April 12, 2020 Mini-Manifesto

TOK “As If” Manifesto – April 13, 2020

Our educational system is undergoing a major stress test. Many parts of it will not survive. The standardized tests that typically dot the spring calendar appear to be an early victim. Yes, there will be a few workarounds plus strained attempts to make the data seem legitimate and, yes, there will always be tests in school — whatever current or future guise school takes. For the moment, however, we are invited to ask the rare question: What is the point of all this study?

The usual ready answer: To prepare ourselves for college and the working world beyond seems similarly hollow, at least in the current the moment. College will come back as a reality for us to consider as will work. But in what form? One can easily picture a fall landscape in which 10-20 major colleges, the kind whose brand names cover the back windows of sport utility vehicles across America, have suspended operations pending taxpayer bailout funds or an endowment review.

In the meantime, the remainder of the 2019-2020 school calendar affords us the rare opportunity to play the “as if” game.

As in: What would school look like if students and teachers went about the work of education for its own sake — treating school as if it was a place (physical or virtual) of learning?

No more, no less.

I borrow the loaded term “as if” from the late Christopher Hitchens and his 2001 book Letters to a Young Contrarian. It’s a piece of writing I typically turn to this time of year, that moment in early to mid-spring when it dawns that the energy, enthusiasm and creativity of the first semester has given way to frustration, fatalism and sentences that start with “These kids….” and end with sigh.  
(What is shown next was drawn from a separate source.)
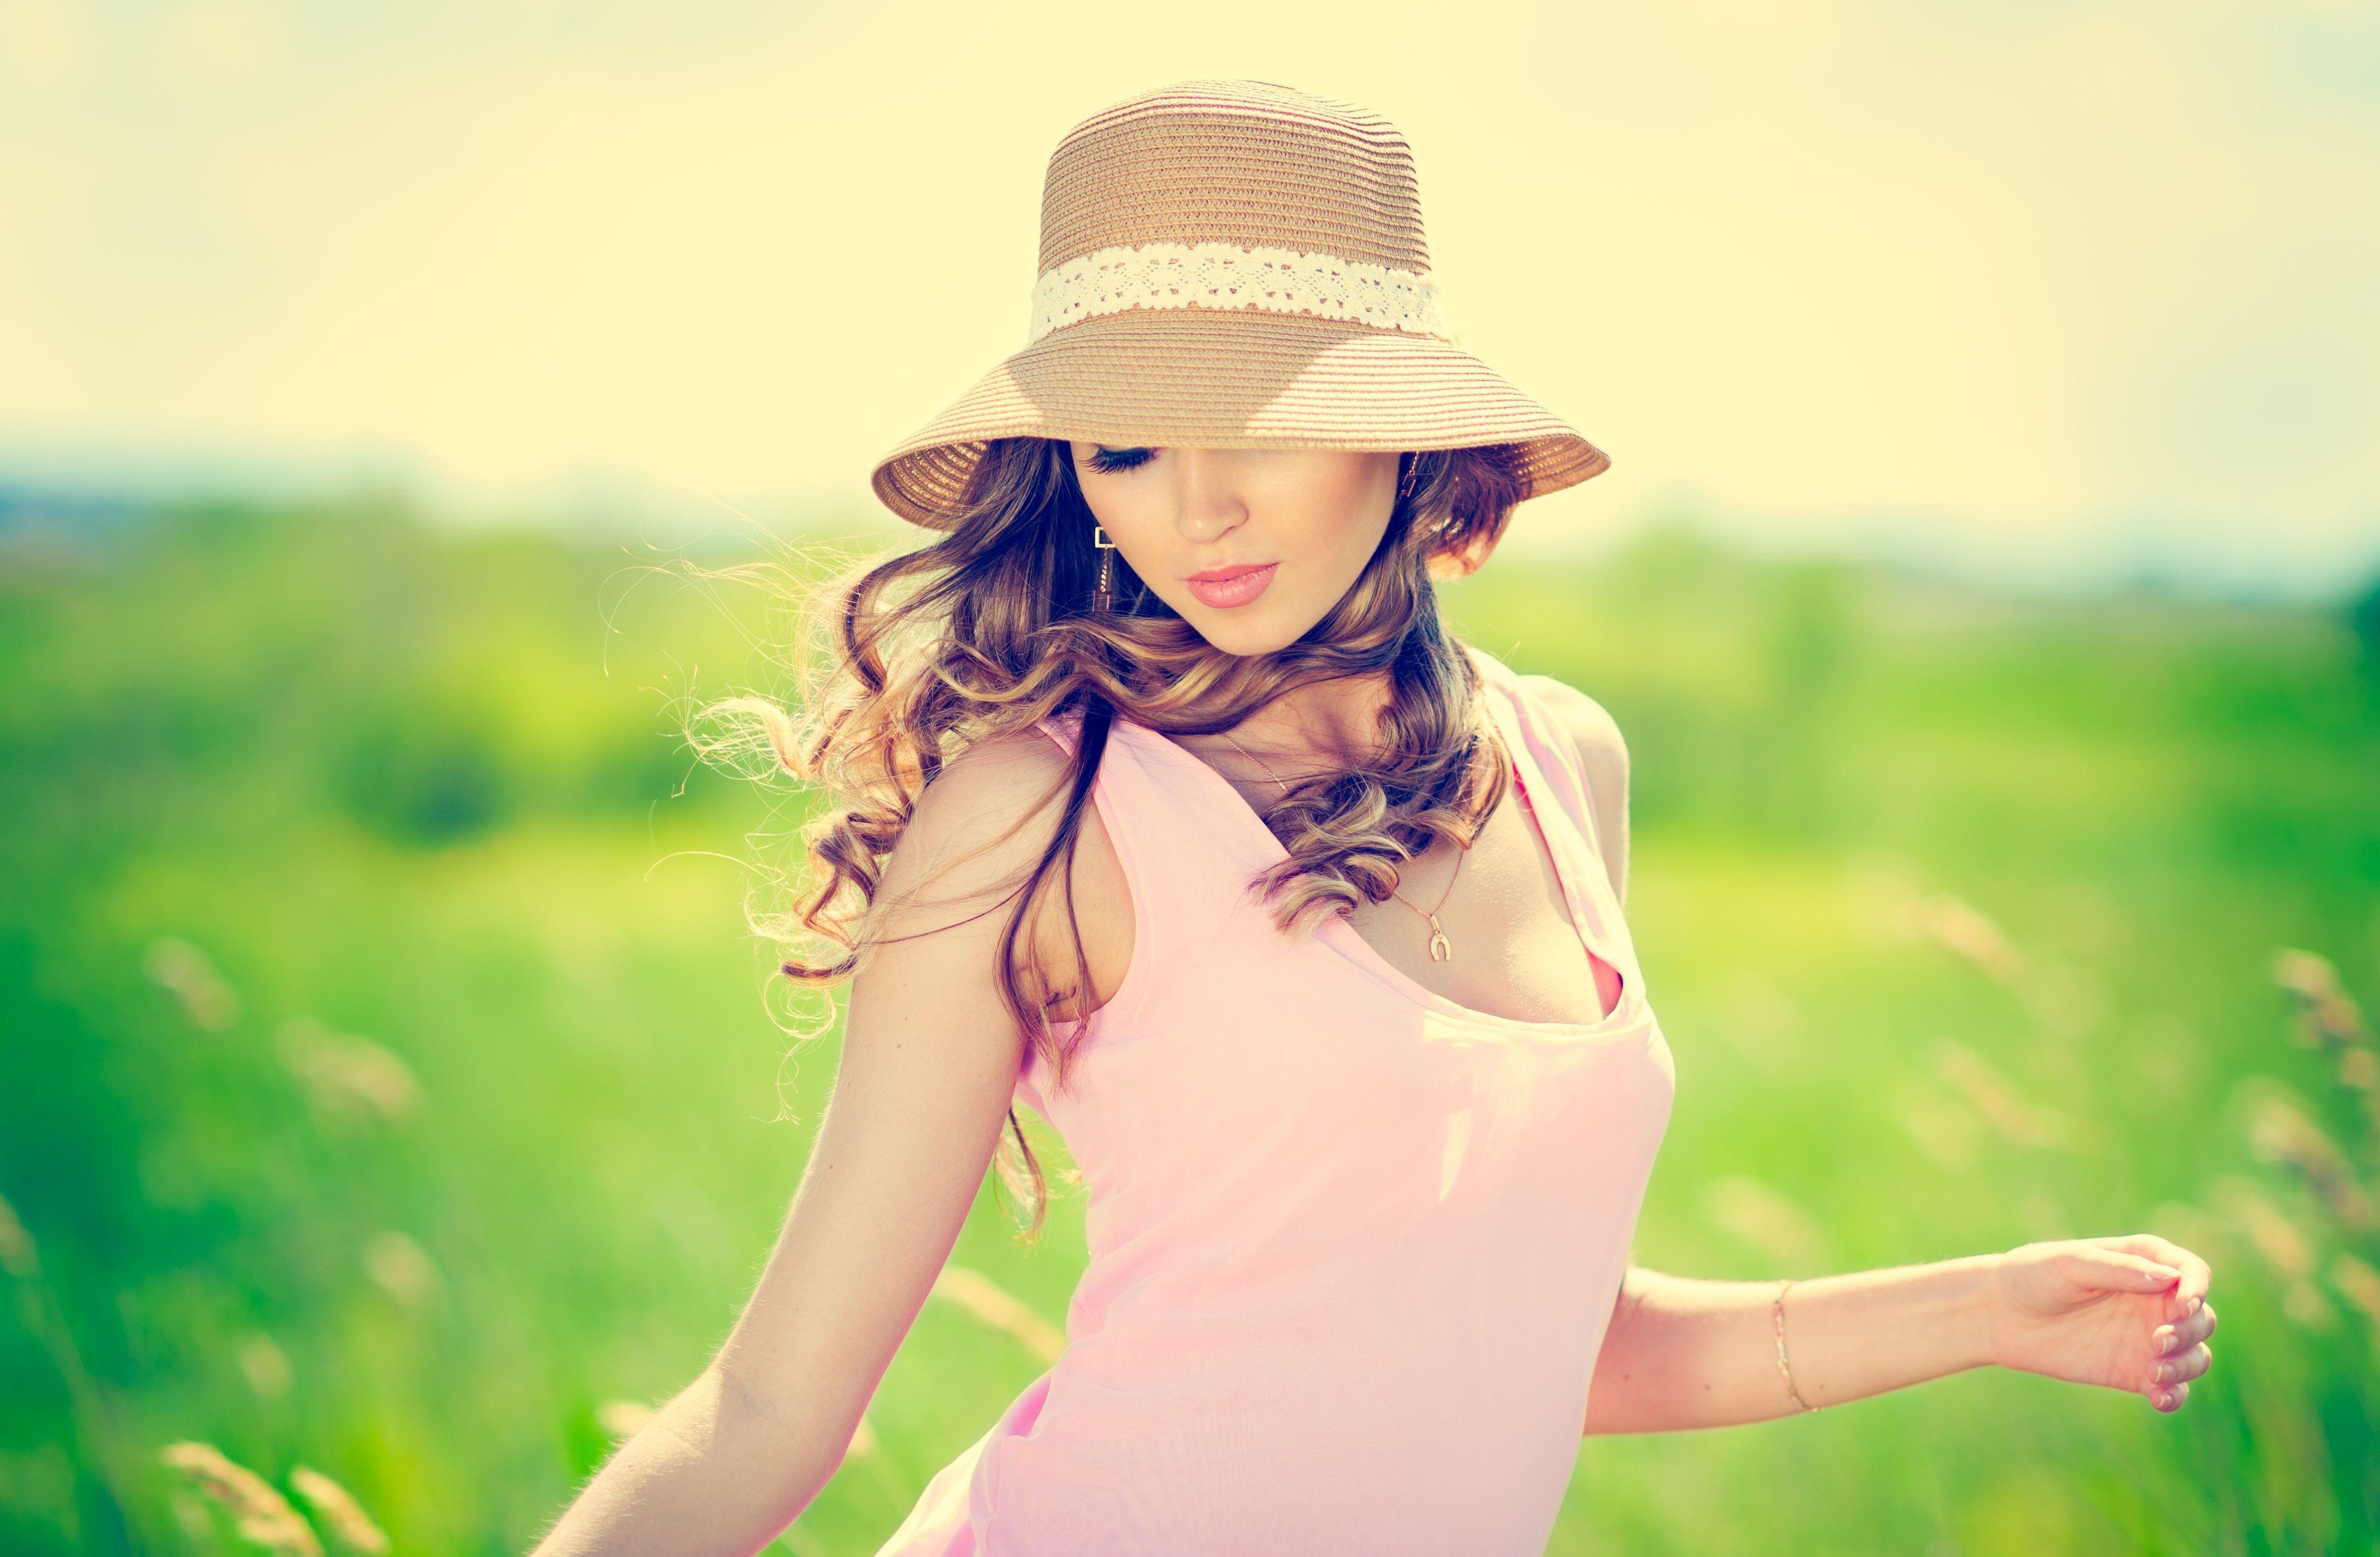 девушка шапка телефон разговор солнце бесплатно

In a key passage (published here as an excerpt). Hitchens uses the “as if” phrase to summarize the mental revolution that helped Vaclav Havel and the liberal-minded citizens of Czechoslovakia outsmart the bland tyranny of the postwar Communist system.

Writes Hitchens:

Havel, then working as a marginal playwright and poet in a society and state that truly merited the title of Absurd, realised that “resistance” in its original insurgent and militant sense was impossible in the central Europe of the day. He therefore proposed living “as if” he were a citizen of a free society, “as if” lying and cowardice were not mandatory patriotic duties, “as if” his government had signed (which it actually had) the various treaties and agreements that enshrine universal human rights. He called this tactic the “power of the powerless” because, even when disagreement is almost forbidden, a state that insists on actually compelling assent can be relatively easily made to look stupid. 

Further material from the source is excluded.